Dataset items

----------------------------------------

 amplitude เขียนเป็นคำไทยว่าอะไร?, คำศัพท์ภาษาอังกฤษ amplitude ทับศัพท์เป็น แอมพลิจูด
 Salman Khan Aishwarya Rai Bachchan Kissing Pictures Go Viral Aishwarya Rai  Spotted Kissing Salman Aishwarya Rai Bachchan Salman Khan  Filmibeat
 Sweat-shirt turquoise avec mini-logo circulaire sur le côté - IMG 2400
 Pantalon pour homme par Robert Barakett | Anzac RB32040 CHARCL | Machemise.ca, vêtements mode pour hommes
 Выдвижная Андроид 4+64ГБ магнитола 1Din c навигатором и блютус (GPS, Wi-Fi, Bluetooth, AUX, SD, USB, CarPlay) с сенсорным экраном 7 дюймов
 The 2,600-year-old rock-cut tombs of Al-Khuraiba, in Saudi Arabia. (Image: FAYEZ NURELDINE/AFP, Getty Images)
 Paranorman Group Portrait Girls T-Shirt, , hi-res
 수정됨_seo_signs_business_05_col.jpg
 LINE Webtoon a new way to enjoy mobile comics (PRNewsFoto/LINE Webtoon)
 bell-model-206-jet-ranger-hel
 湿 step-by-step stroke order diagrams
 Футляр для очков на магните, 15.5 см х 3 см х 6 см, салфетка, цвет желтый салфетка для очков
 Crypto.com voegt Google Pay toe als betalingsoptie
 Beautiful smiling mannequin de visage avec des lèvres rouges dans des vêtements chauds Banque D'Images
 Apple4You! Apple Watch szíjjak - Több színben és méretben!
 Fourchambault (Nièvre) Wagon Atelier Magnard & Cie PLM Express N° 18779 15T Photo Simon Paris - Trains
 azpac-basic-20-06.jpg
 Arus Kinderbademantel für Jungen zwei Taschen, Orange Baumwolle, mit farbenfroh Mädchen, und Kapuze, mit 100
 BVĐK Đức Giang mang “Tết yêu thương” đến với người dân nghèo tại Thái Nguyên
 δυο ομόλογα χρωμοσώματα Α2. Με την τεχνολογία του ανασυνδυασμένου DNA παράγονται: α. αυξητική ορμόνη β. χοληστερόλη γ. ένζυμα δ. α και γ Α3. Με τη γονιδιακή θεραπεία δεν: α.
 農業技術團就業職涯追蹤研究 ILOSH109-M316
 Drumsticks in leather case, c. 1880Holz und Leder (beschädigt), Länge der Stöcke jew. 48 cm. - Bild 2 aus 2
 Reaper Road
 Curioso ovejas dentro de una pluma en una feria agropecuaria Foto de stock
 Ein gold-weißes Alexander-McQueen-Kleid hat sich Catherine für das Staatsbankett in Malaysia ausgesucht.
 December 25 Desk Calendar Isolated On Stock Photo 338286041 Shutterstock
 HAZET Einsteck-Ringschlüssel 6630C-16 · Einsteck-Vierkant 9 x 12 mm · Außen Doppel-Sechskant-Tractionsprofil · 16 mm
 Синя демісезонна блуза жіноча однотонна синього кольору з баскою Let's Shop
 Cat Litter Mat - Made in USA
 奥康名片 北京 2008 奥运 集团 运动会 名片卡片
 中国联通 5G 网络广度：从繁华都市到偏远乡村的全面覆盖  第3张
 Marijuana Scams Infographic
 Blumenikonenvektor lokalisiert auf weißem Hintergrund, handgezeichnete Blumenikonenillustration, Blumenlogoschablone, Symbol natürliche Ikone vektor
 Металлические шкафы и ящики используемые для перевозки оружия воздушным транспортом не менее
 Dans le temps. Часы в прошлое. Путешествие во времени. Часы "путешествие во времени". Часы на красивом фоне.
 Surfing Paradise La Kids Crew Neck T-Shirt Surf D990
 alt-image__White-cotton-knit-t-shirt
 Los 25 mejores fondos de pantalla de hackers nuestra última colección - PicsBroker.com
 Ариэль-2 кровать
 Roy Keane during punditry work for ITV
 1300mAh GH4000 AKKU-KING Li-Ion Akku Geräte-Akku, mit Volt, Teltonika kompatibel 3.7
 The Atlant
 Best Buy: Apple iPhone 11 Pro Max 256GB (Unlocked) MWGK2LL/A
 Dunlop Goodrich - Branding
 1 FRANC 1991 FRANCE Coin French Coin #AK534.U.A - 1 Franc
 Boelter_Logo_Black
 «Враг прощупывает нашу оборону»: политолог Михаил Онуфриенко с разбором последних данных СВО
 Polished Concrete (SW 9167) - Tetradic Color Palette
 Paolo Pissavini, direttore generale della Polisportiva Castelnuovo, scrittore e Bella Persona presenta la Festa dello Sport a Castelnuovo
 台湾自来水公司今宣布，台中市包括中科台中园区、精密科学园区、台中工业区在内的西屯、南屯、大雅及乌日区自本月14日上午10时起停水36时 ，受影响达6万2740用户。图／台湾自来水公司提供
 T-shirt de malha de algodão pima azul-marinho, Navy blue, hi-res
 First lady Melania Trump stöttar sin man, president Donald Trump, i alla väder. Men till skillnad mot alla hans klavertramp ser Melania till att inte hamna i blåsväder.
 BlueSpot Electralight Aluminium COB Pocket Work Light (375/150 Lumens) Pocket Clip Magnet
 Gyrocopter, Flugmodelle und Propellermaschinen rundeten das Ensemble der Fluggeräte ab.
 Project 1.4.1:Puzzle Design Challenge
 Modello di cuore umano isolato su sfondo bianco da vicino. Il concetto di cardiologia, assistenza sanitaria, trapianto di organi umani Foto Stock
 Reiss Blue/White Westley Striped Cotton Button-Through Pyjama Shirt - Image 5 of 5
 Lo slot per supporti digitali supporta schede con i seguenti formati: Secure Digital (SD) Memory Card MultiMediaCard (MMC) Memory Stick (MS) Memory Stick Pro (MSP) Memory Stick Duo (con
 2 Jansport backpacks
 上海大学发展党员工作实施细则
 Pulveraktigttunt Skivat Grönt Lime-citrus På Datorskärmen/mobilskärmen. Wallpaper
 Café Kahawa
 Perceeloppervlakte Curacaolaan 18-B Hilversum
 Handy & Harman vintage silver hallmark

----------------------------------------

> [What the exercise asks]: The required answer is the run of lines above, starting at the line with "農業技術團就業職涯追蹤研究 ILOSH109-M316" and ending at the line with "Marijuana Scams Infographic", reproduced exactly with both ends.

> [Answer]:
 農業技術團就業職涯追蹤研究 ILOSH109-M316
 Drumsticks in leather case, c. 1880Holz und Leder (beschädigt), Länge der Stöcke jew. 48 cm. - Bild 2 aus 2
 Reaper Road
 Curioso ovejas dentro de una pluma en una feria agropecuaria Foto de stock
 Ein gold-weißes Alexander-McQueen-Kleid hat sich Catherine für das Staatsbankett in Malaysia ausgesucht.
 December 25 Desk Calendar Isolated On Stock Photo 338286041 Shutterstock
 HAZET Einsteck-Ringschlüssel 6630C-16 · Einsteck-Vierkant 9 x 12 mm · Außen Doppel-Sechskant-Tractionsprofil · 16 mm
 Синя демісезонна блуза жіноча однотонна синього кольору з баскою Let's Shop
 Cat Litter Mat - Made in USA
 奥康名片 北京 2008 奥运 集团 运动会 名片卡片
 中国联通 5G 网络广度：从繁华都市到偏远乡村的全面覆盖  第3张
 Marijuana Scams Infographic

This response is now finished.